Hierarchical macro-/meso-/microporous oxygen-doped carbon derived from sodium alginate: A cost-effective biomass material for binder-free supercapacitors

Abstract

Three-dimensional porous scaffolds doped with the heteroatoms show excellent performances in energy conversion and storage. Herein, we report a green synthesis approach to construct the oxygen-doped porous carbon electrodes by carbonizing the oxygen-rich biomass material, sodium alginate. By precisely controlling the carbonization temperature and increasing the mole ratio of α-L-guluronic acid units/β-D-mannuronic acid units in sodium alginate, the morphology, oxygen content and electrical conductivity of the as-obtained carbonaceous electrode are well balanced. This electrode material delivers capacitance of up to 424.6 F g−1 in 6 M potassium hydroxide (KOH) electrolyte at 1 A g−1, and good cyclic stability with the capacitance retention of >90% after 20,000 charge-discharge cycles. Such excellent electrochemical performance can be attributed to both the unique hierarchical macro-/meso-/microporous structure and the presence of abundant oxygen-containing functional groups in the as-prepared carbonized sodium alginate aerogels.
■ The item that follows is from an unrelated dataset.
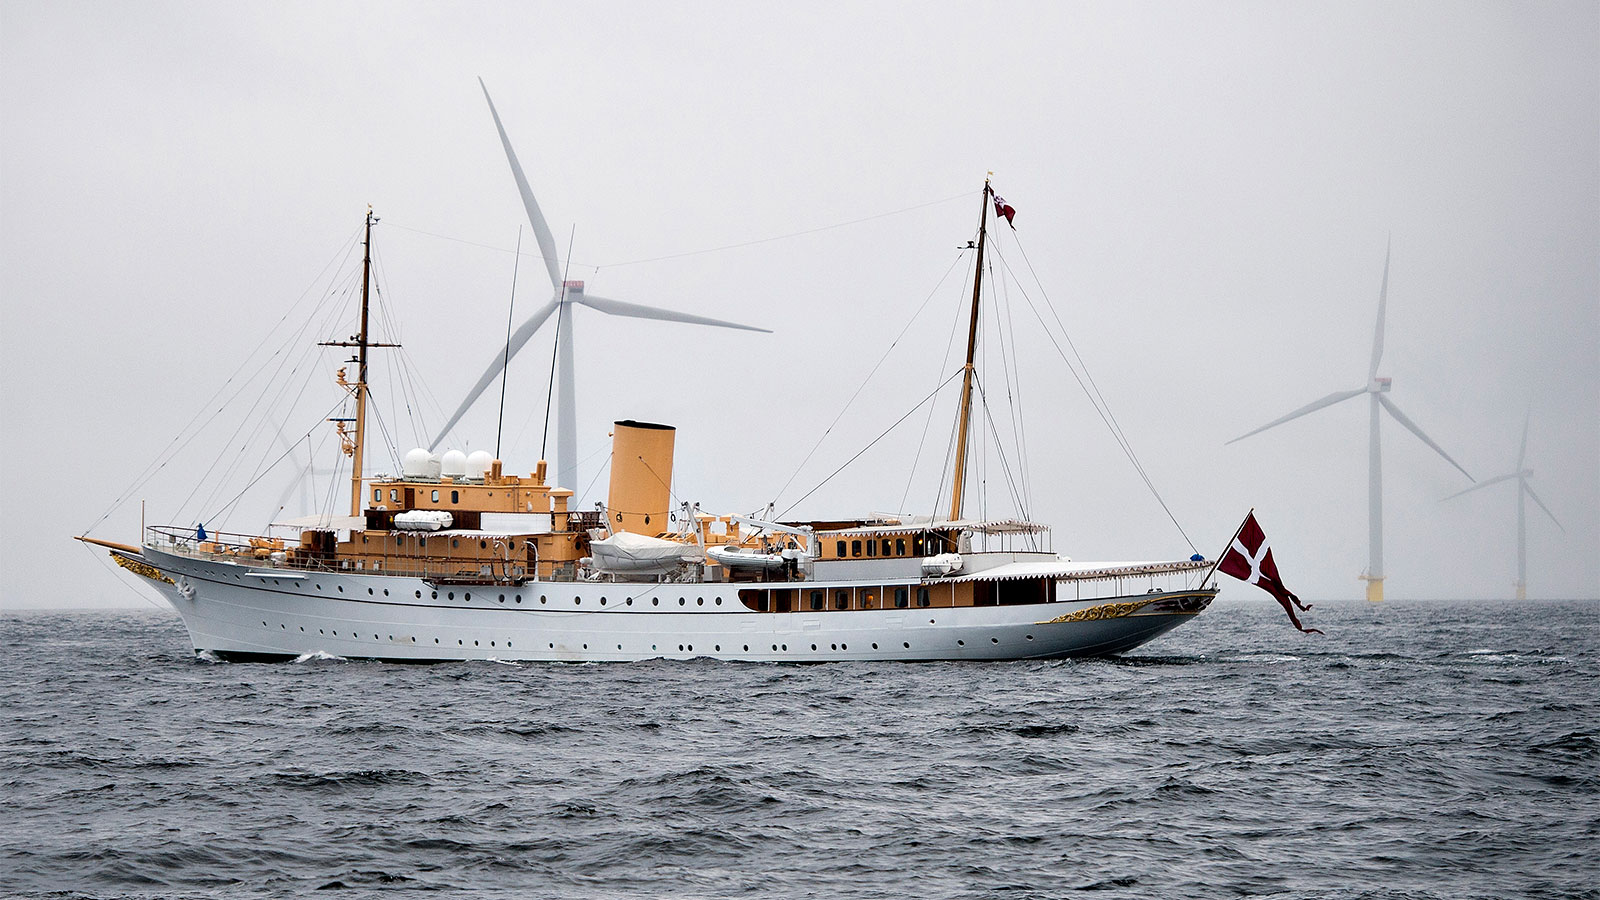 The Royal Danish Yacht passes by Denmark's largest offshore wind farm off of Anholt Island

The capacitance of our oxygen-doped porous carbon electrodes is at least twice greater than those of other carbonaceous electrodes produced from biomass precursors reported in literatures. This work provides a facile, effective and environmental-friendly approach for the fabrication of high-performance heteroatom-doped carbon-based electrodes for supercapacitor applications.